6. Concluding Remarks

In this review, we have described how LPS contributes to the pathogenesis of P. aeruginosa by (i) interacting with host receptors, (ii) inhibiting host defence systems, (iii) influencing the biogenesis of biofilms and OMVs, and (iv) mediating resistance to antimicrobials (Figure 3). Although the role of the lipid A, core, and O antigen moieties in these processes have been extensively studied, a comprehensive understanding of the interplay between LPS and pathogenesis will require further research. For instance, interactions of LPS with host proteins has been the focus of many studies, but recent research suggests that glycan–glycan interactions between bacteria and their hosts may be more relevant than previously realized [194,195,196]. The advent of new glycan arrays could facilitate the screening and discovery of novel LPS interactions and yield new insights into pathogenic processes [194,197,198].

Figure 3

Summary of relevant P. aeruginosa O antigen, core, and lipid A interactions with antimicrobials and host defences. Arrows indicate binding of, or activation by, a specific LPS region while the flat-headed arrows indicate inhibition. The O antigen is coloured red, the core is coloured yellow, and lipid A is coloured blue.

The LPS glycoforms expressed on the cell surface can influence the biofilm mode of growth, yet the underlying mechanisms are poorly understood. Although differences in cell adhesion/cohesion may explain the propensity of a strain to form biofilms [122,123,124], the possibility that LPS may interact with matrix material also needs to be investigated. For instance, could CPA promote biofilm maturation by coordinating protein or polysaccharide components within the matrix? The role of LPS in biofilm development has mostly been studied on short time scales, under laboratory conditions. Since changes to LPS occur over the course of a chronic infection, the consequences of these changes on biofilm physiology should also be studied and with more clinically relevant systems. Additionally, other OSA polysaccharides may have more pronounced roles in biofilm development and should be investigated. O antigen also influences the selective packaging of cargo into OMVs, which are another component of biofilms. How O antigen is involved in this process is not understood and represents a significant gap in our knowledge. Unraveling this mechanism and characterizing the proteins that are deliberately packaged into OMVs may give clues to the function of OMVs within planktonic and biofilm communities.

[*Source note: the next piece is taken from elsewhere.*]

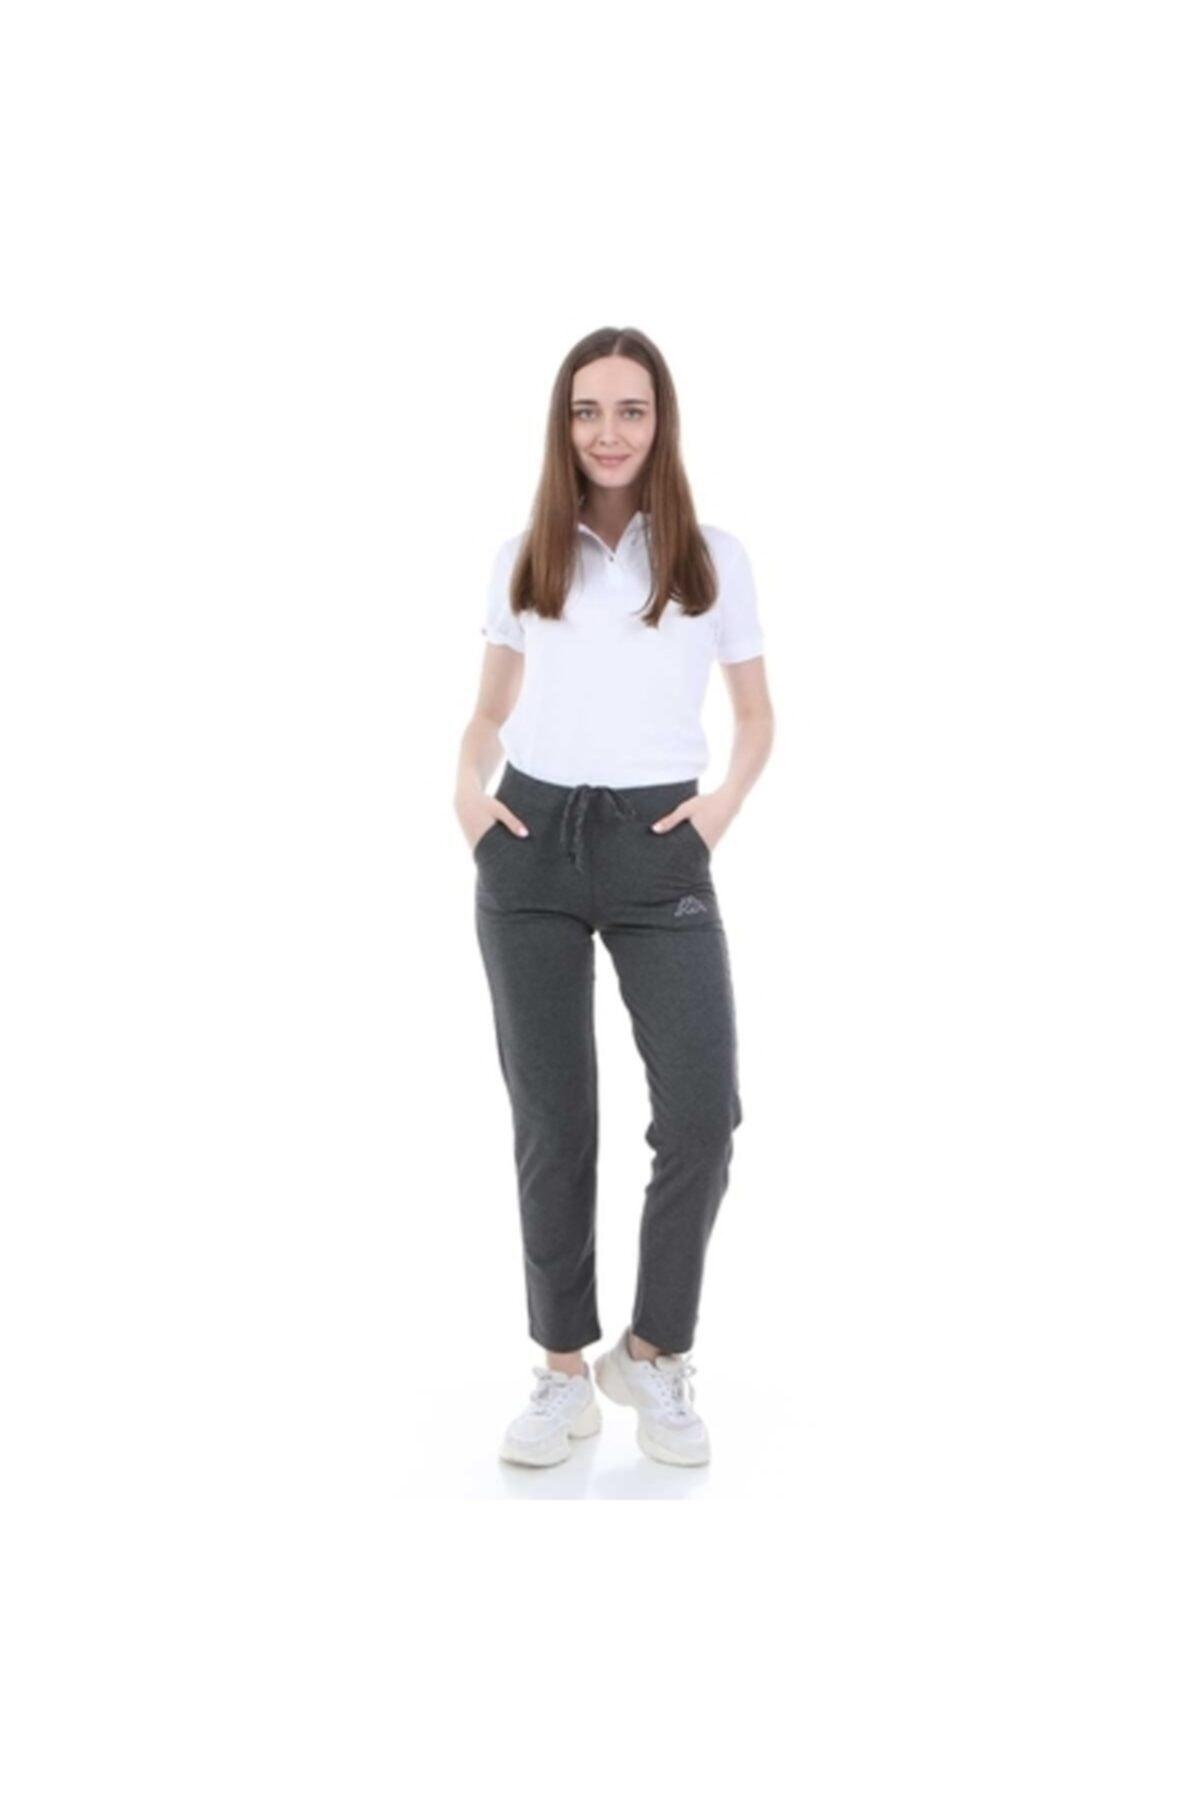 Kappa 30327k0 Kadın Sweat Pantolon Zeny - Füme - Xl 1

A comprehensive understanding of LPS biosynthetic enzymes, gene regulatory pathways, and structure will be essential to developing new antimicrobials against P. aeruginosa and other Gram-negative pathogens. Although some promising compounds targeting LPS biosynthesis and transport have been developed, overcoming the development of resistance is a major hurdle that must be considered. The generation of therapeutics that inhibit the Lipid A modification pathways will be indispensable to mitigating CAMP resistance, while the continued characterization of “natural” antimicrobials that use LPS as a receptor, such as phages and bacteriocins, may be an effective way to develop targeted therapeutics. Finally, although LPS-based P. aeruginosa vaccines had only limited success in the past [199], this may still prove to be a promising prophylactic treatment since the use of OMVs and recombinant bacterial glycosylation pathways to produce glycoconjugates has made these vaccines safer, more effective, and cheaper to produce [200].